FOA Number: CE 09 005: Research Priorities in Acute Injury Care
Project Period: 09/30/09-09/29/12
Application/Grant Number: 1 R01 CE001586-01
Principal Investigator: MELLO, MICHAEL J MD
RHODE ISLAND HOSPITAL
INJURY PREVENTION CENTER
593 EDDY STRRET, POB, 3RD FL; ROOM 334
PROVIDENCE, RI 02903
PHONE: (401) 444-6684
E-mail: mjmello@lifespan.org

Abstract

Description (provided by applicant): A recent addition to trauma center certification by the American College of Surgeons is the requirement for level 1 trauma centers to have the capacity to identify risky alcohol use and provide interventions to trauma patients. There has been a lack of consistent integration of evidence-based practices around this component of acute care. SBIRT is an evidence-based model to screen for risky alcohol use and provide a brief intervention to those screening positive. The aims of the present application are: 1) to improve knowledge, self-efficacy and readiness to integrate SBIRT into participating pediatric level 1 trauma centers; 2) to examine the development of a trauma center policy and protocol for adoption of adolescent SBIRT within participating pediatric level 1 trauma centers; 3) to examine the implementation of a trauma center policy and protocol for adolescent SBIRT within participating pediatric level 1 trauma centers; 4) to examine maintenance of SBIRT services within participating pediatric level 1 trauma centers and 5) to develop recommendations on implementing SBIRT within a pediatric level 1 trauma center.

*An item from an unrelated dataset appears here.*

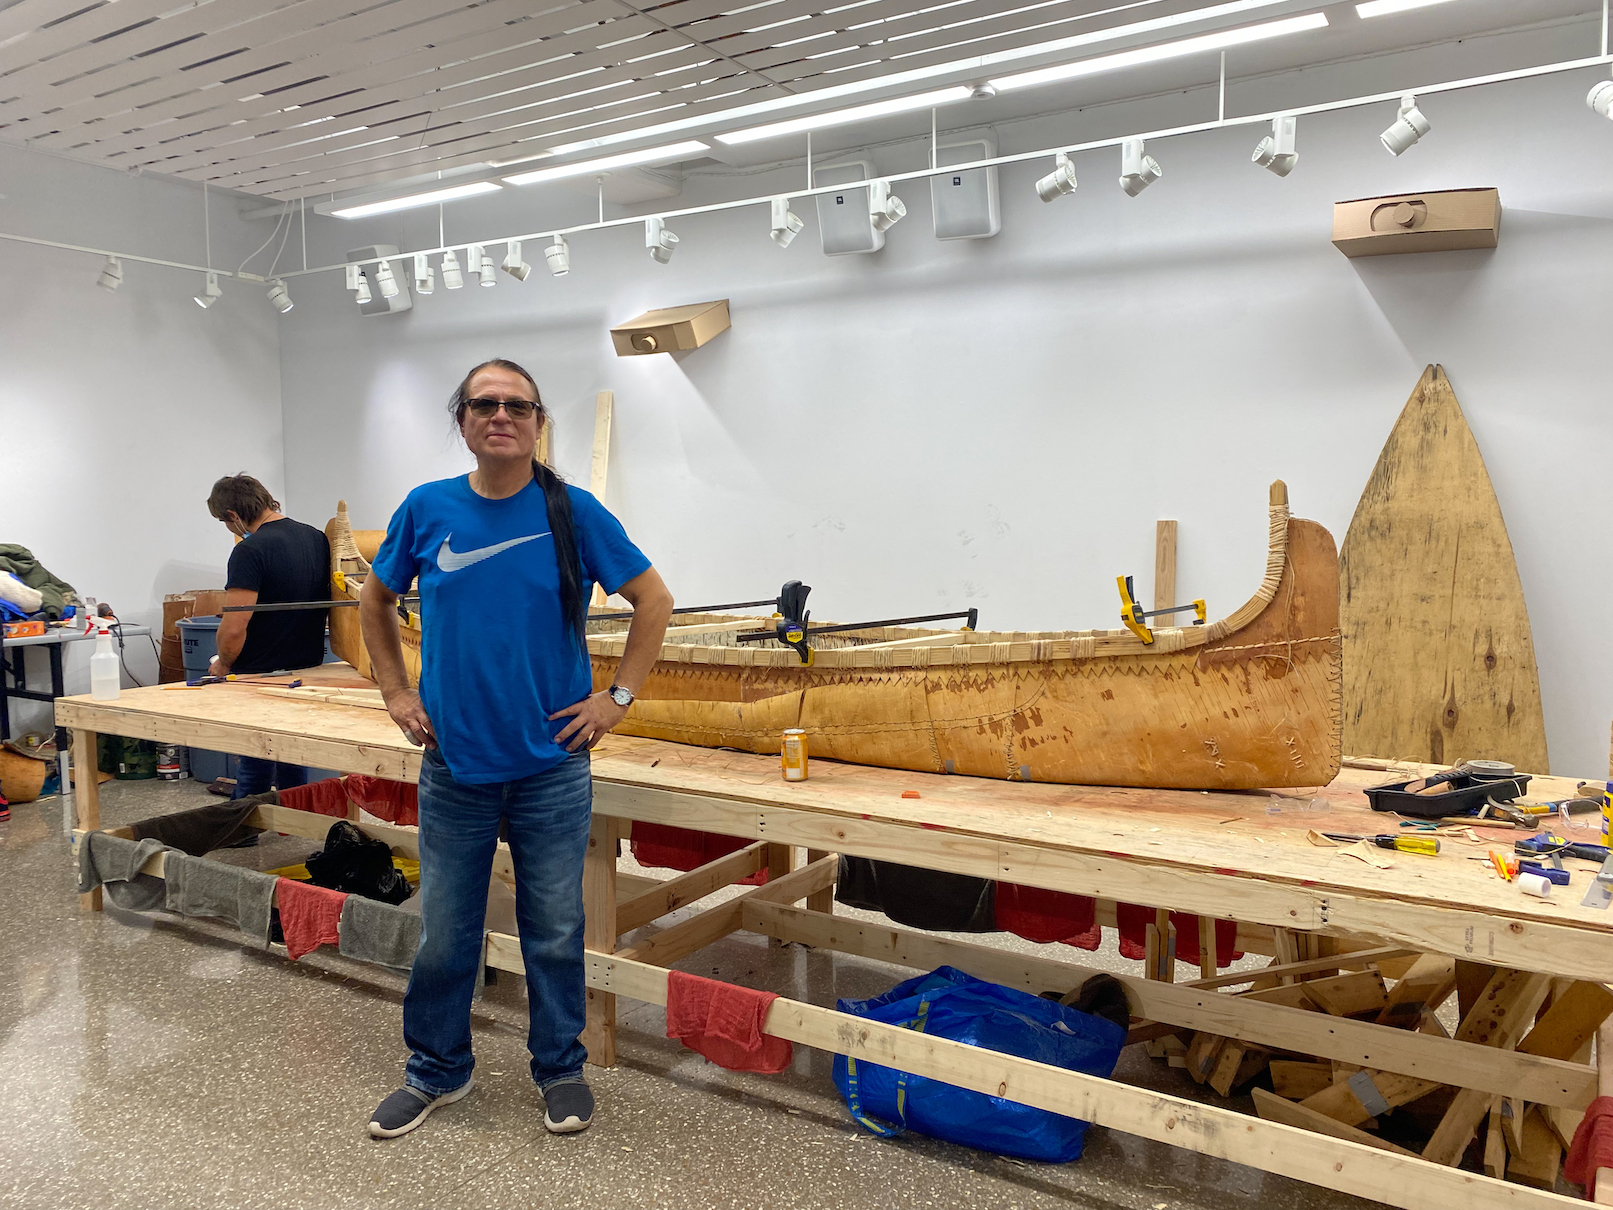 Valliere stands in front of the unfinished canoe.

This translational research study will incorporate the following approaches: examination of successful models and methods for dissemination, implementation, and evaluation of a guideline for care of the acutely injured, development of strategies for effective dissemination, and identification of barriers to effective translation and subsequent use of information and development of effective solutions to address these barriers. The research team will provide technical assistance to 7 pediatric trauma centers and measure adaptation, adoption, implementation, fidelity and maintenance of SBIRT for their injured adolescent population. SBIRT implementation technical assistance (online, in person workshops and monthly conference calls) will incorporate established resources for health care providers and will be delivered over 22 months. The research team will also monitor and collect data on adoption, implementation and maintenance over 30 months. Change in adoption, implementation and maintenance among sites will be measured by trauma center leaders' self report and retrospective blinded medical chart review.